The power exists in Nagios Fusion to aggregate almost any information across multiple Nagios installs.  The main question we’re looking at from here is: “What do users want to see in their central Nagios dashboard?”  We’re interested in getting some user feedback for ideas on this project as well as some beta testers for the upcoming release.  Here are some screenshots to give an idea as to what is to come.

 

Nagios V-Shell 1.9 Released

Nagios V-Shell 1.9 includes major performance updates, and a re-implementation of PHP caching that should decrease V-Shell page load times anywhere from 40-75%.  I ran some benchmarking tests on a test system(Dual core desktop with 4GB of RAM) with 1800 hosts, and 7200 services.  This system runs with an average CPU load of 2.0-6.0 throughout the day, so the hardware is being pushed pretty hard already from the check load.

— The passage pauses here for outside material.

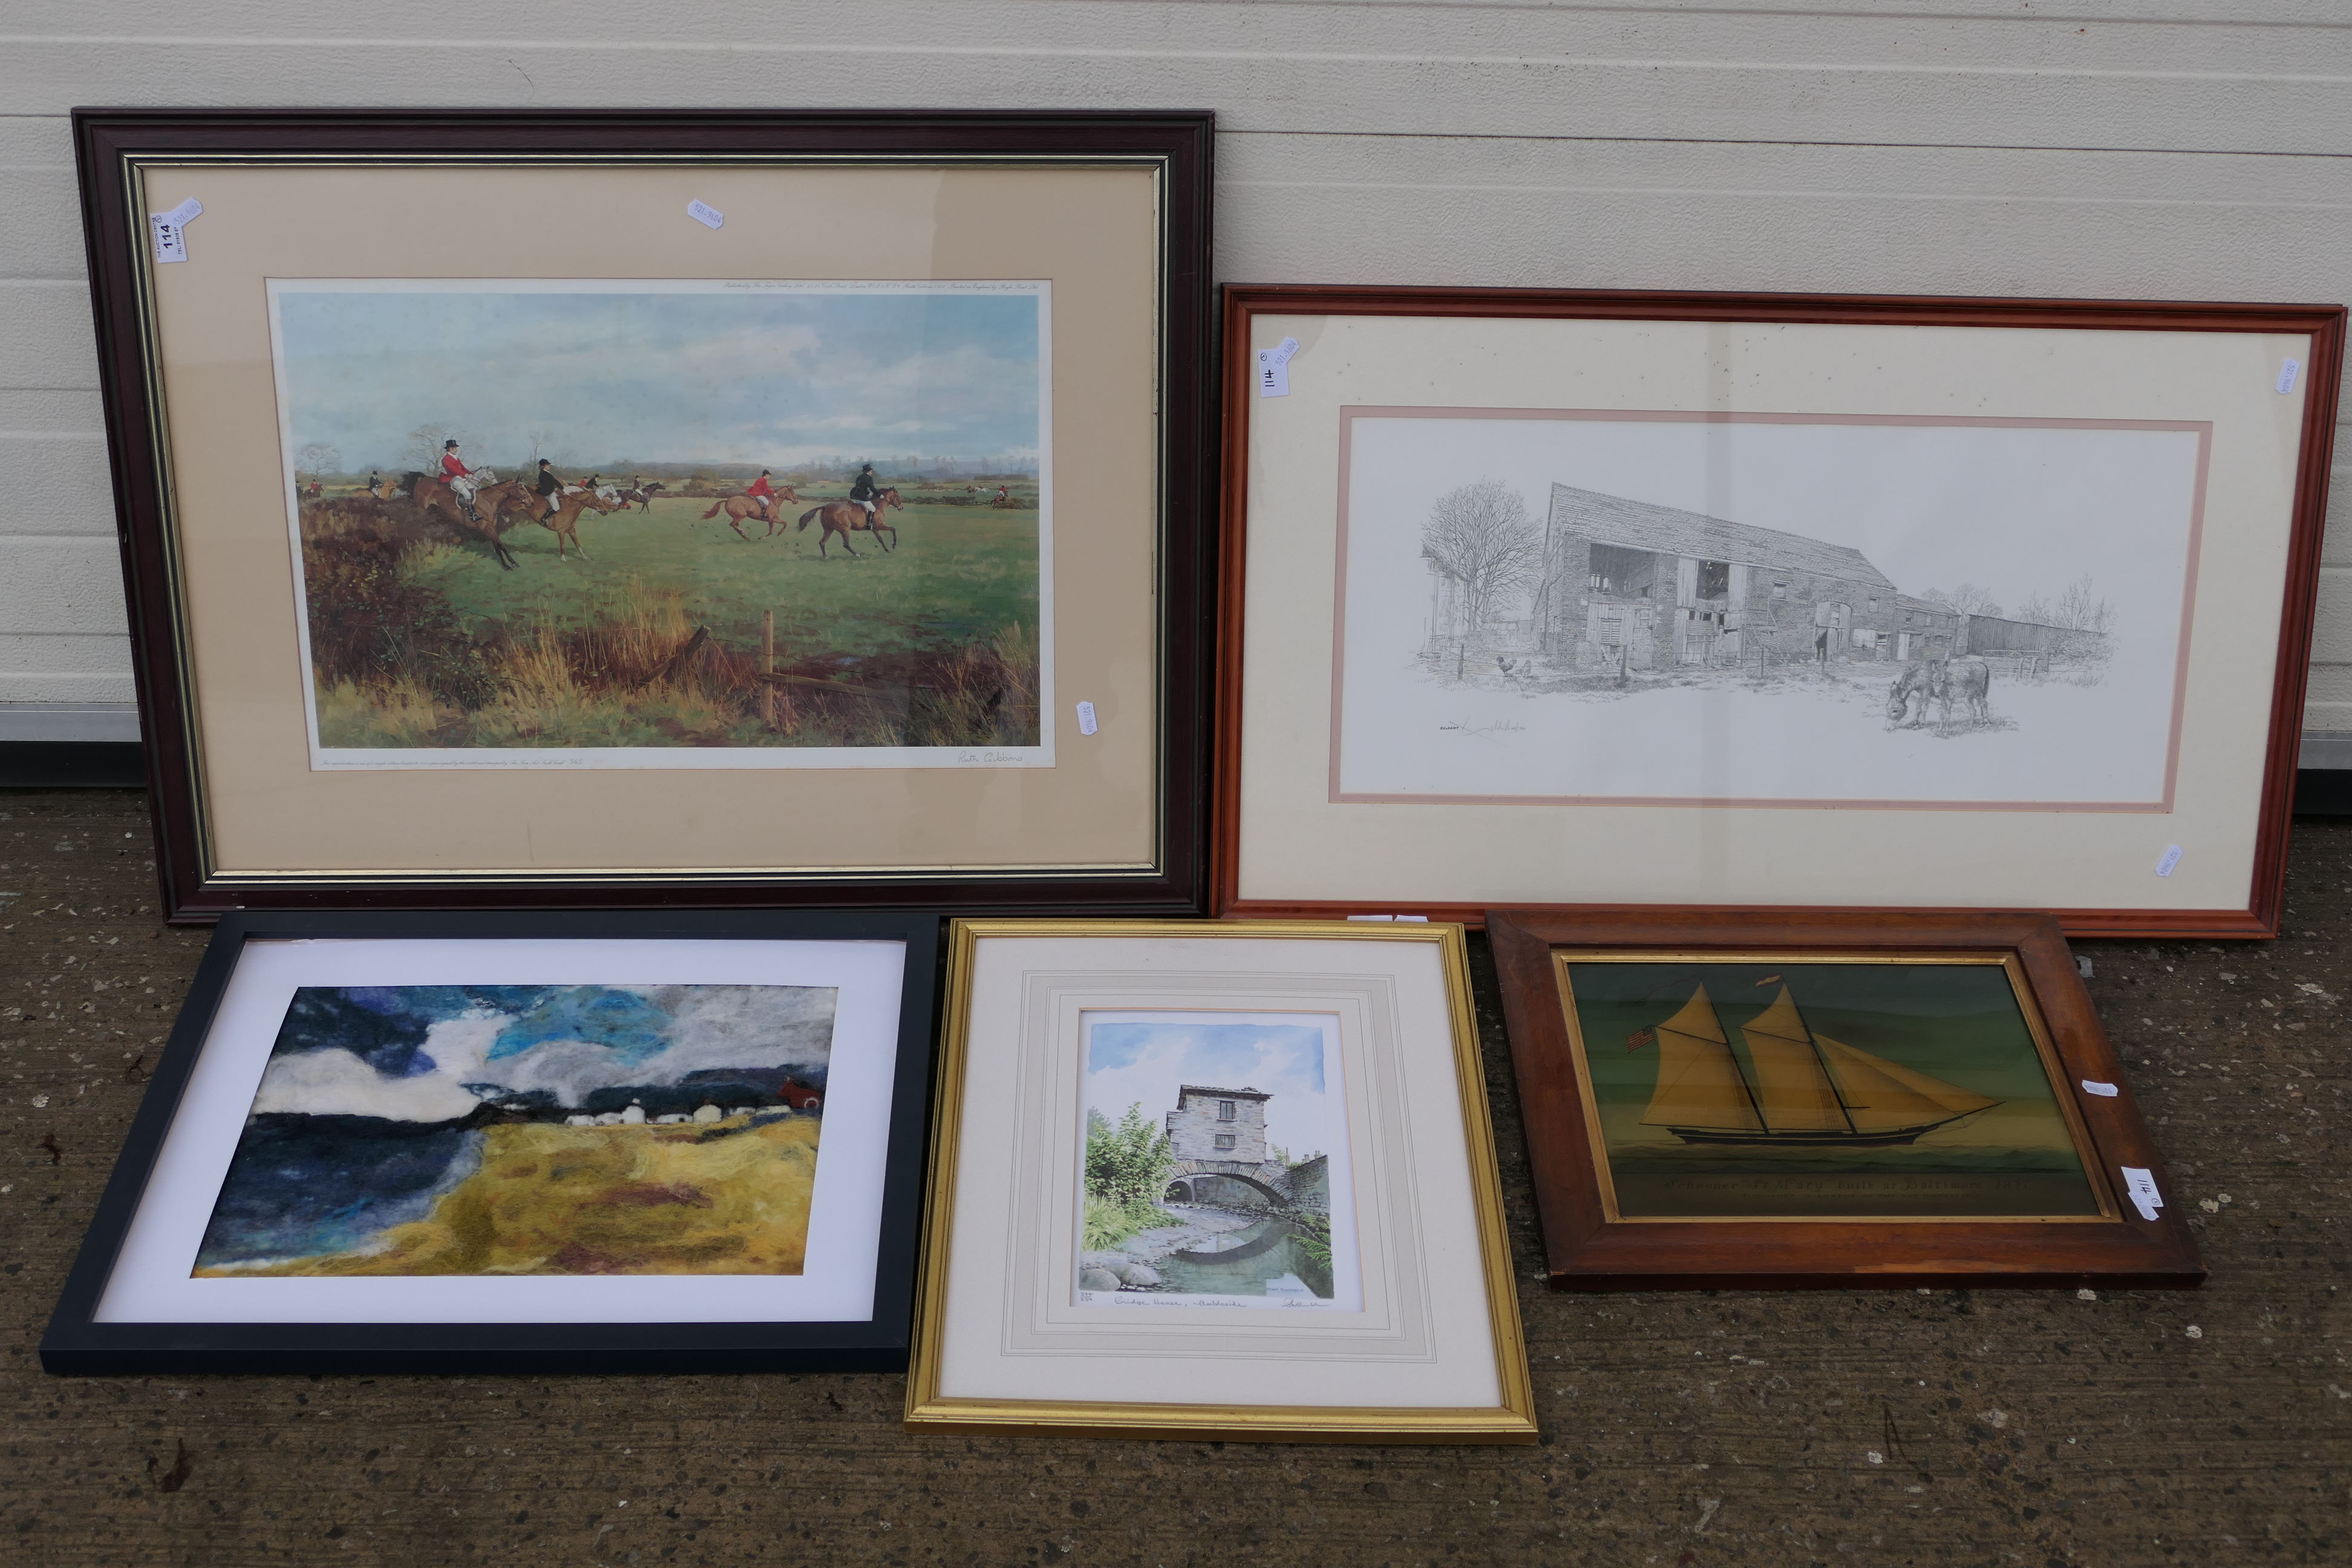 A collection of framed pictures to include a limited edition print depicting a hunting scene after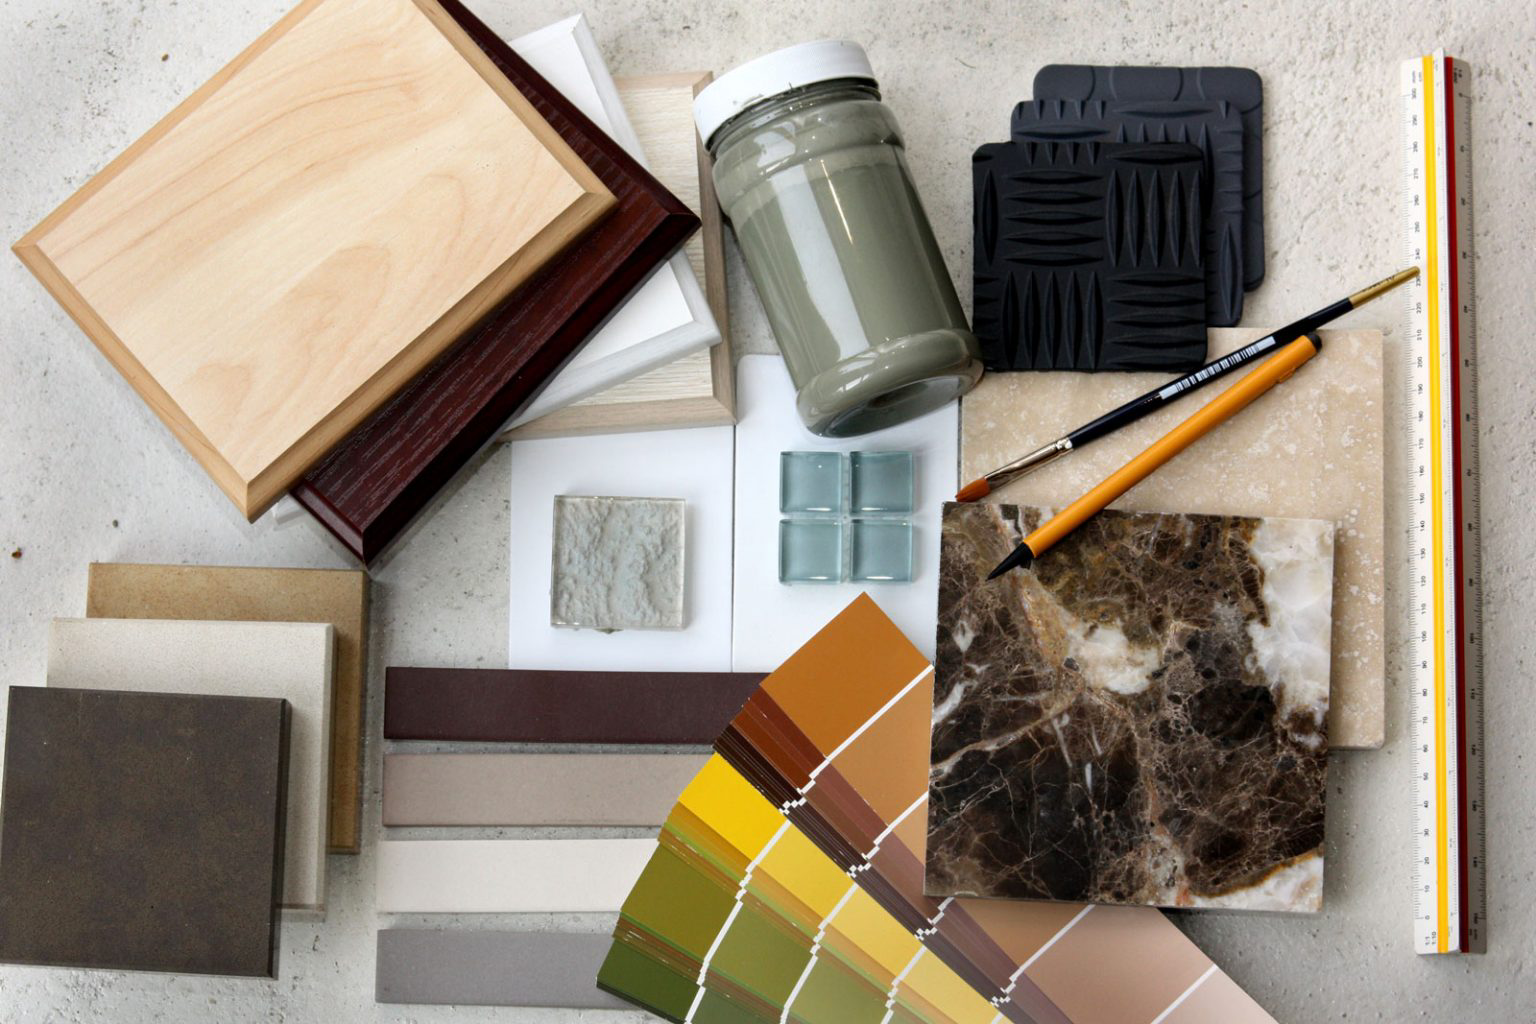 A variety of paint swatches and sample textures and tones.

V-Shell 1.8 created page load times anywhere from 18-28 seconds throughout the interface without APC caching enabled.  Needless to say, this is problematic for many users with larger environments.  The Core cgi’s were able to load anywhere from 2-11 seconds, with the service status page taking around 9-11 seconds to load all of the data.  My goal for 1.9 was to minimize any unnecessary processing, and optimize any functions that were inefficient or using slower PHP built-in functions.  The differences in 1.9 are substantial.  Without any caching enabled at all, I was able to decrease the average page load time to 9-14 seconds, which is 40-50% faster by itself.  Once I had the code optimized, I reworked the APC caching functionality.  If a user has PHP’s APC caching packages installed and enabled on their web server, V-Shell will cached the objects.cache file until it detects any changes in the file, while the data in the status.dat file will be cached based on a TTL (time to live) config option which now exists in 1.9.  Once the data is cached in APC, the page load times throughout the interface averaged between 4-5 seconds for all pages, which is a 75% decrease in load time on average.

My goal for the next version of V-Shell is to add support for mklivestatus and ndoutils for backend data, which will eliminate the need to parse the objects.cache file and status.dat files for systems with those backends.  This should further improve performance for larger installations.